Two percent pay raise included in 2004 budget proposal

As expected, the Bush administration Monday proposed a 2 percent across-the-board pay raise for federal employees in 2004.

Military employees will get an average 4.1 percent pay raise next year, under the Bush fiscal 2004 budget proposal, continuing the administration's trend of offering a larger pay raise to military personnel than to civil service employees. The 2 percent across-the-board pay raise spurns the 2.7 percent base pay raise set by the formula used to determine annual civil service pay raises. Before the pay raise measure was announced, several lawmakers moved to introduce legislation calling for military-civilian pay parity.

According to the administration, the current civil service system makes it difficult to attract and retain a more highly skilled workforce, and unfairly benefits mediocre employees because "pay and performance are generally unrelated."

"Exceptional employees find themselves locked in 'time-in-grade' pay prisons, as requirements dictate that performers stay at least one year at, say, a GS-12 level before moving, and then only as high as a GS-13," the administration said in the budget document. "Even worse, pay over the course of a federal career is heavily determined by the level at which a civil servant begins working."

The administration's budget proposal also calls for the creation of a $500 million fund, administered by the Office of Personnel Management, that agencies can draw from to raise the annual salaries of exceptional employees.

The proposed $500 million Human Capital Performance Fund would level the playing field and allow agencies to give performance-based raises in 2004. The raises would be permanent salary increases that also increase employees' pensions and their agencies' Thrift Savings Plan contributions. The measure would require legislative approval. Agencies would be required to submit plans to OPM that include details about how the money would be used to improve agency results, as well as reward high performers.

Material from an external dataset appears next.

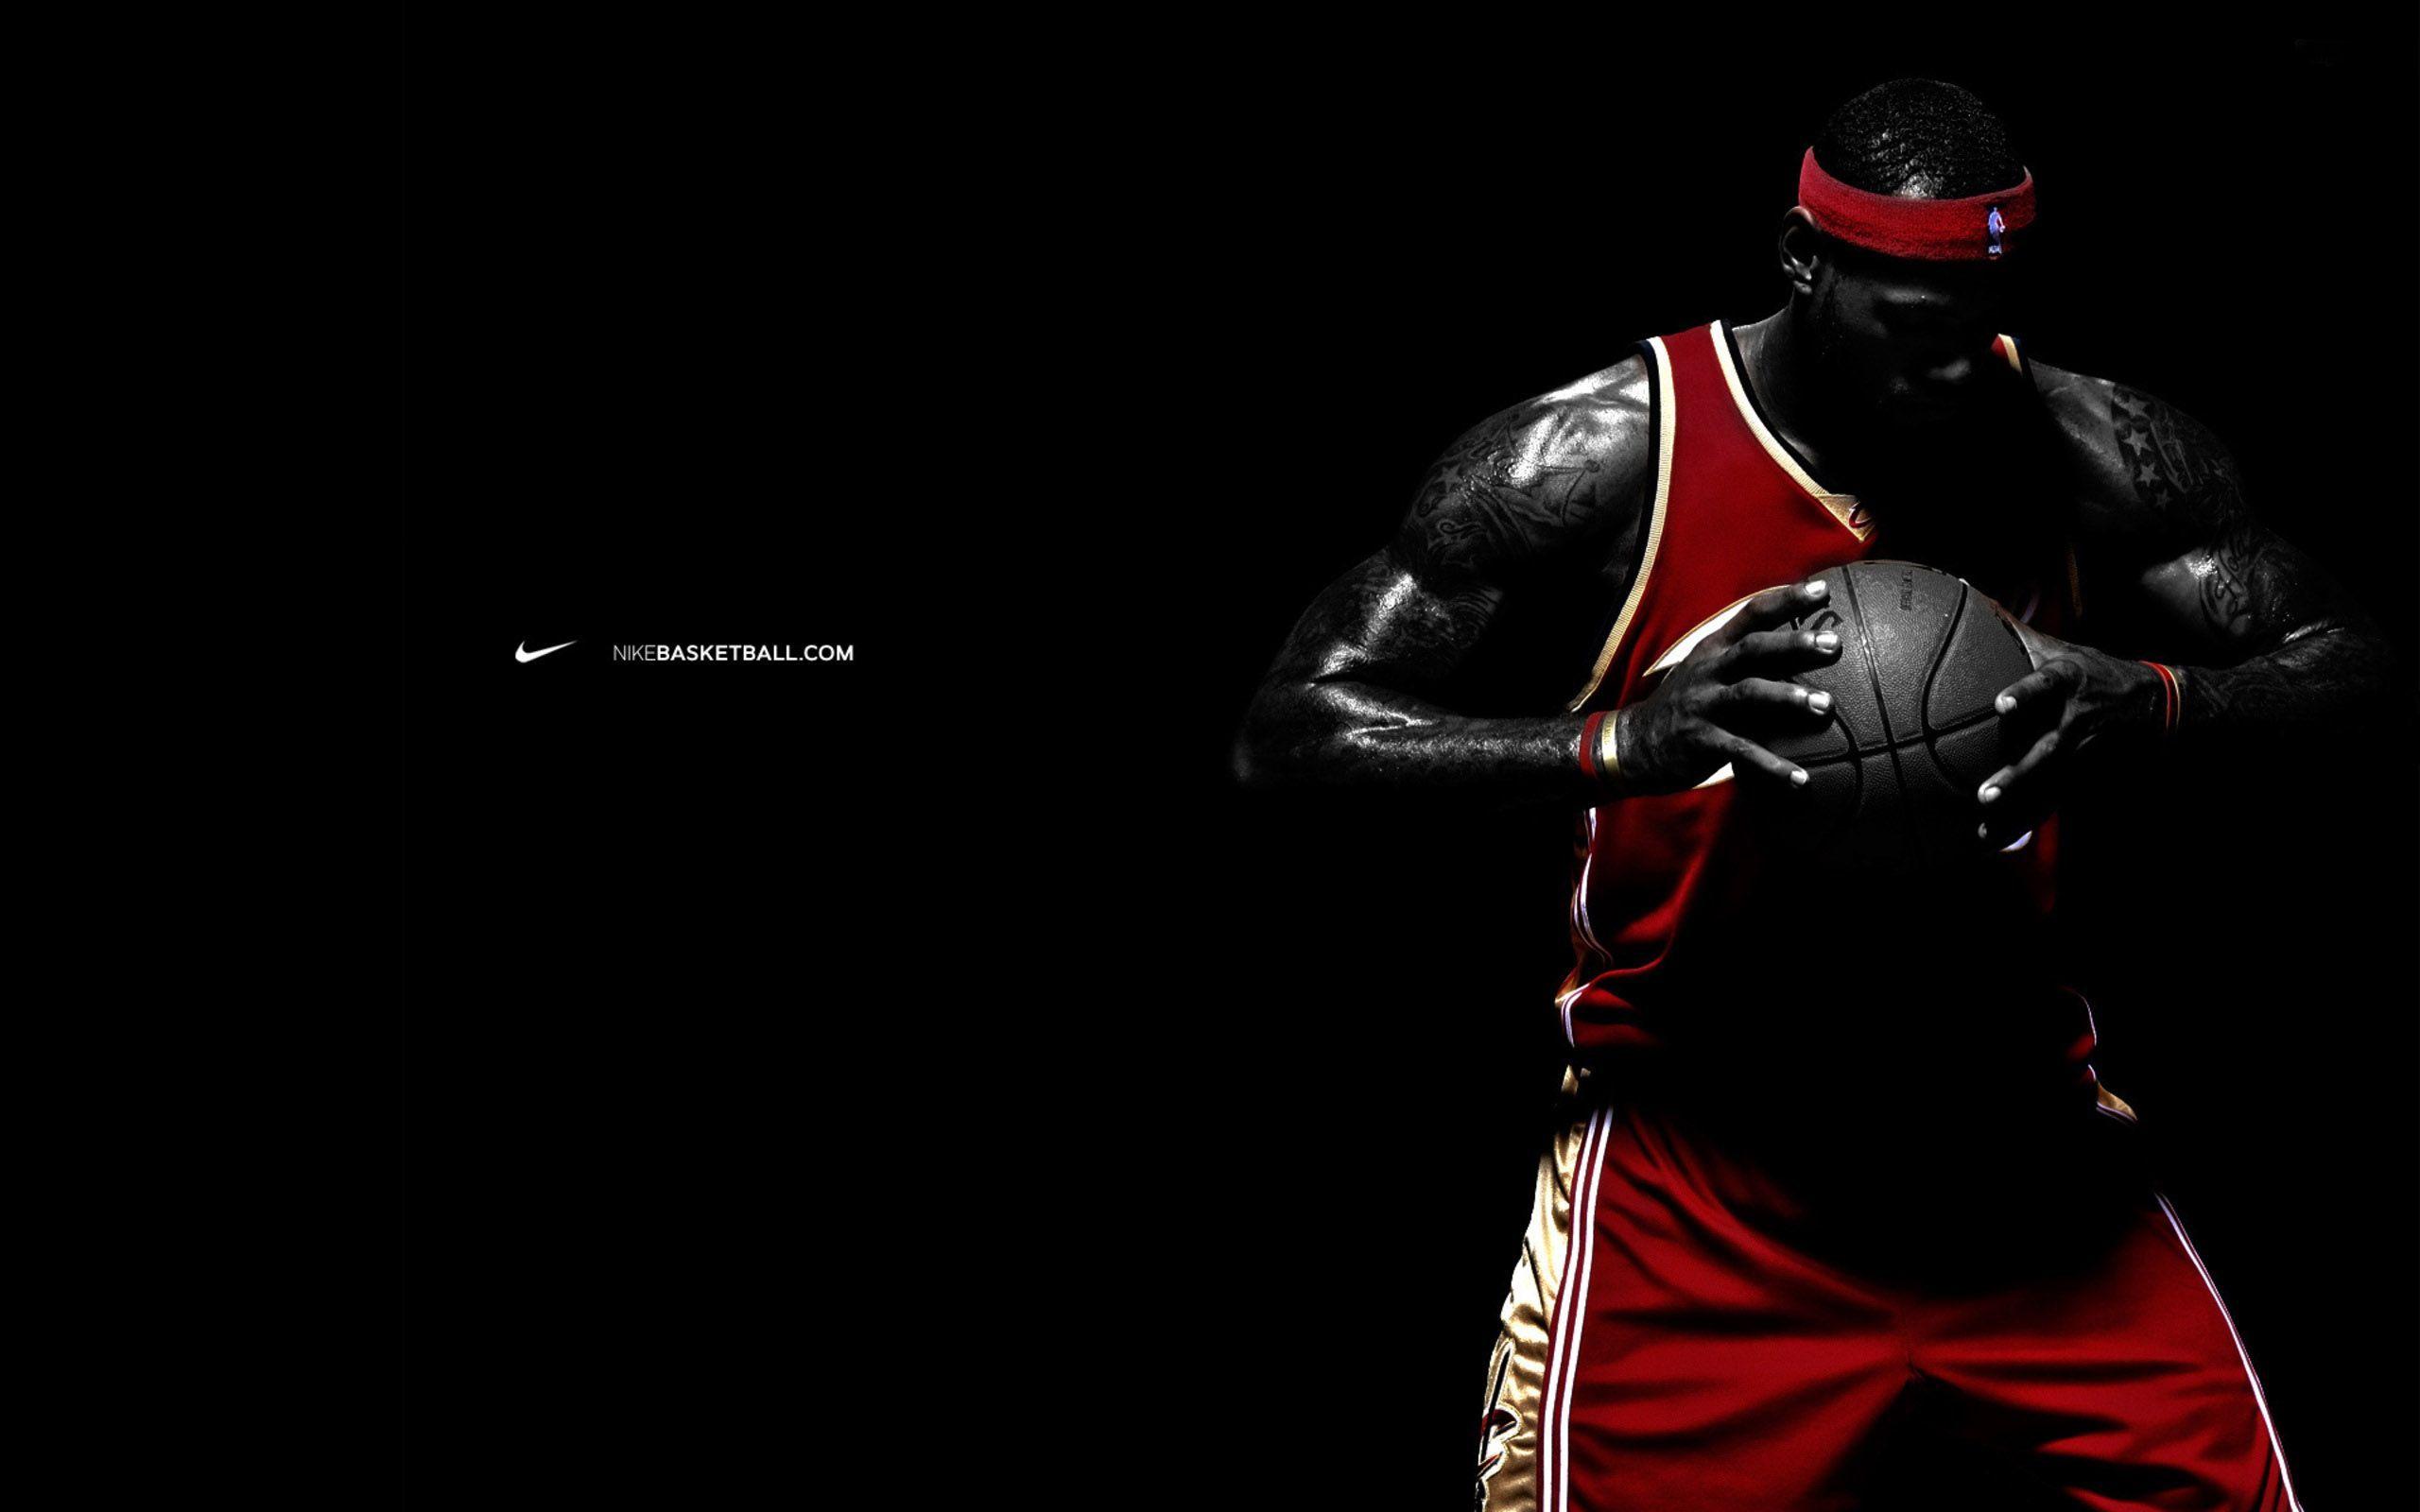 Coolest LeBron James Miami Heat 2013 Best HD  Desktop HD Wallpaper

"Rewarding top employees and those with unusually important skills is preferable to the traditional method of evenly spreading raises across the federal workforce regardless of performance or contribution," administration officials said in the budget document.

Last year the Bush administration proposed a 2.6 percent pay raise for federal workers in fiscal 2003. Several lawmakers opposed that figure and eventually the House and a Senate panel approved a 4.1 percent pay raise, but Congress adjourned without passing the measure. In November, the administration announced it would give federal employees a 3.1 percent increase with no additional pay for workers based on labor costs in the areas where they work. House Minority Whip Steny Hoyer, D-Md., and several other lawmakers vowed to get a retroactive raise of 4.1 percent included in the fiscal 2003 omnibus appropriations bill still being ironed out in Congress.

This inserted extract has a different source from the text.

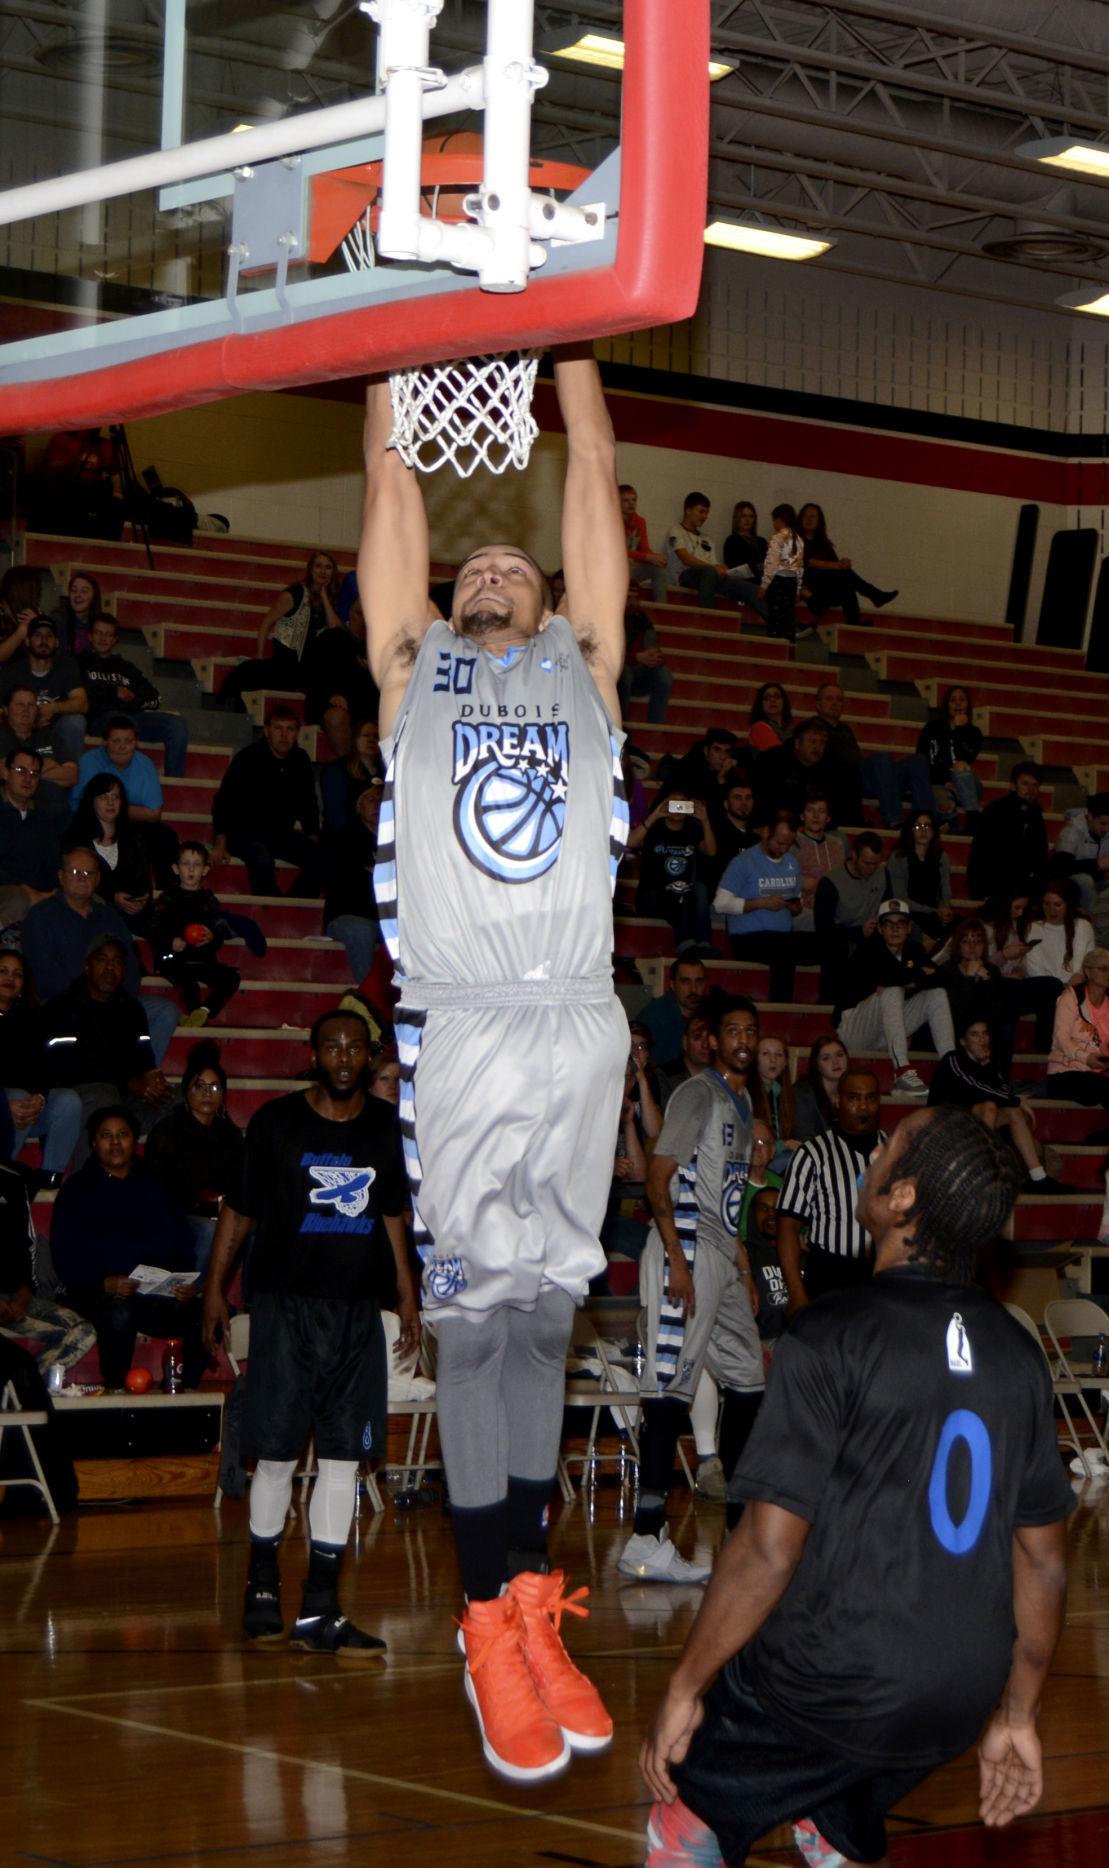 Johnson dunk

Hoyer and National Treasury Employees Union President Colleen Kelley both expressed disappointment with the administration over the pay raise proposal, insisting that it would undercut morale.

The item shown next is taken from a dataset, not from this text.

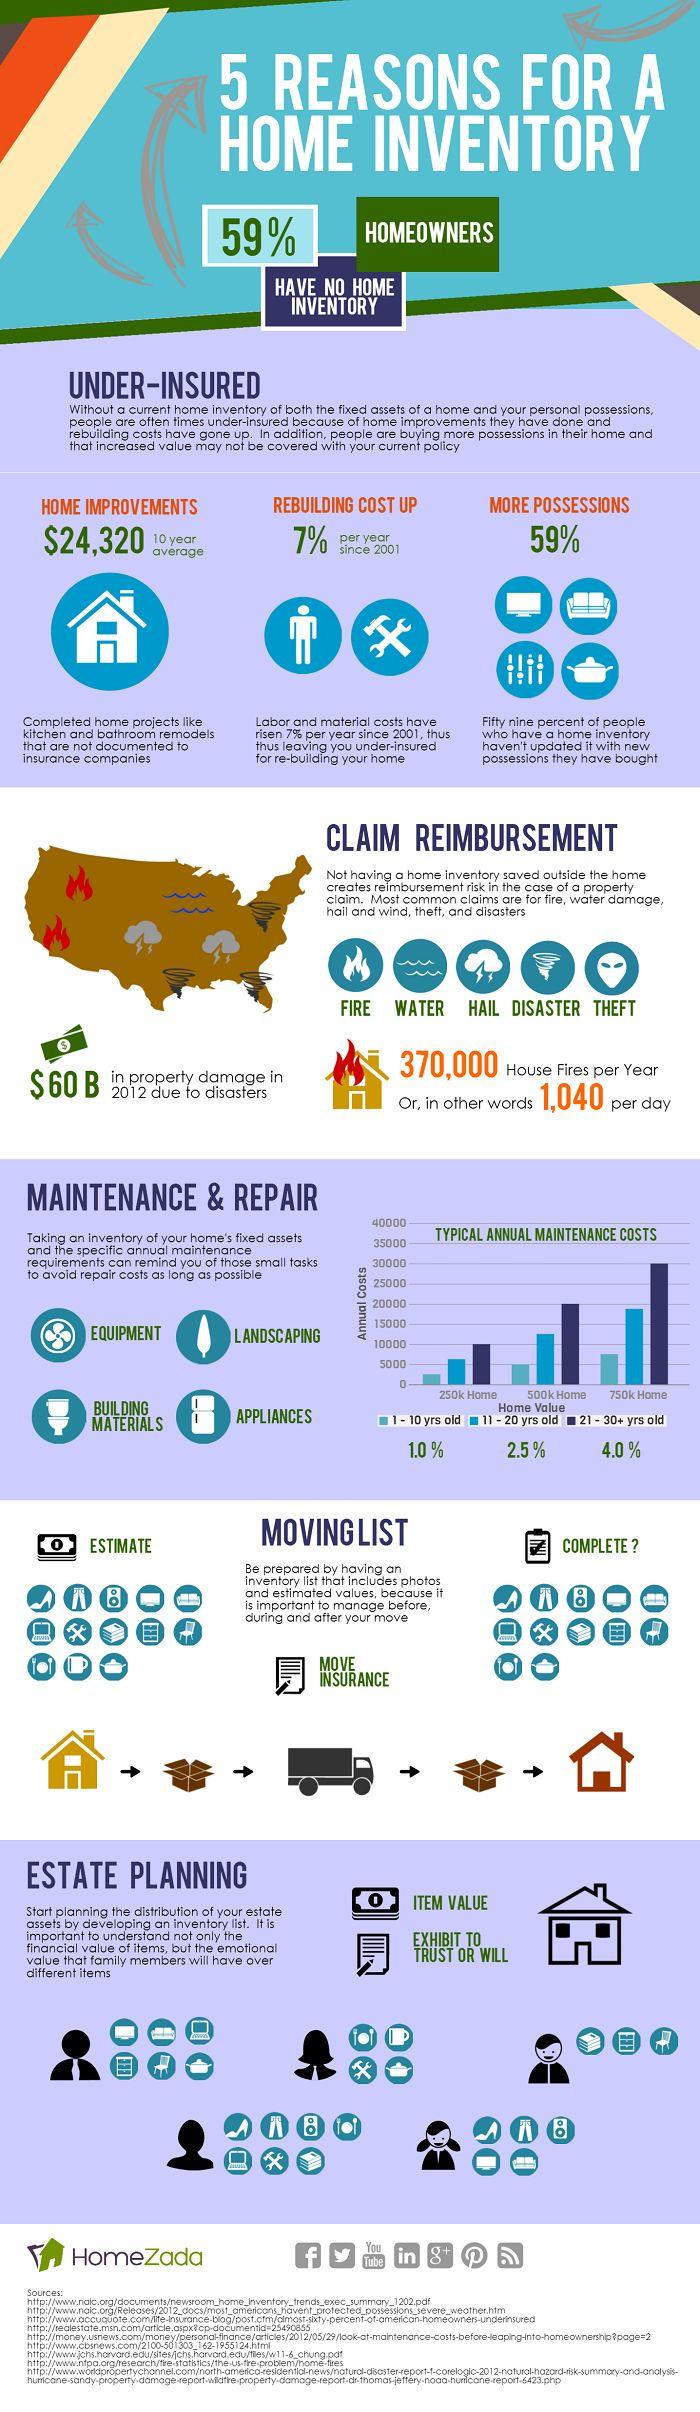 Home Inventory Infographic Homezada Home Inventory Home Maintenance Infographic

The budget proposal also includes a plan to raise the salary cap of Senior Executive Service members and eliminate the six-step salary ladder system. Under federal law, salaries for the SES are capped at the third-highest pay level on the Executive Schedule, the five-level schedule on which salaries are set for members of Congress and executive branch political appointees. The Bush administration would raise the cap to the second-highest level of the schedule, which is $154,700 this year.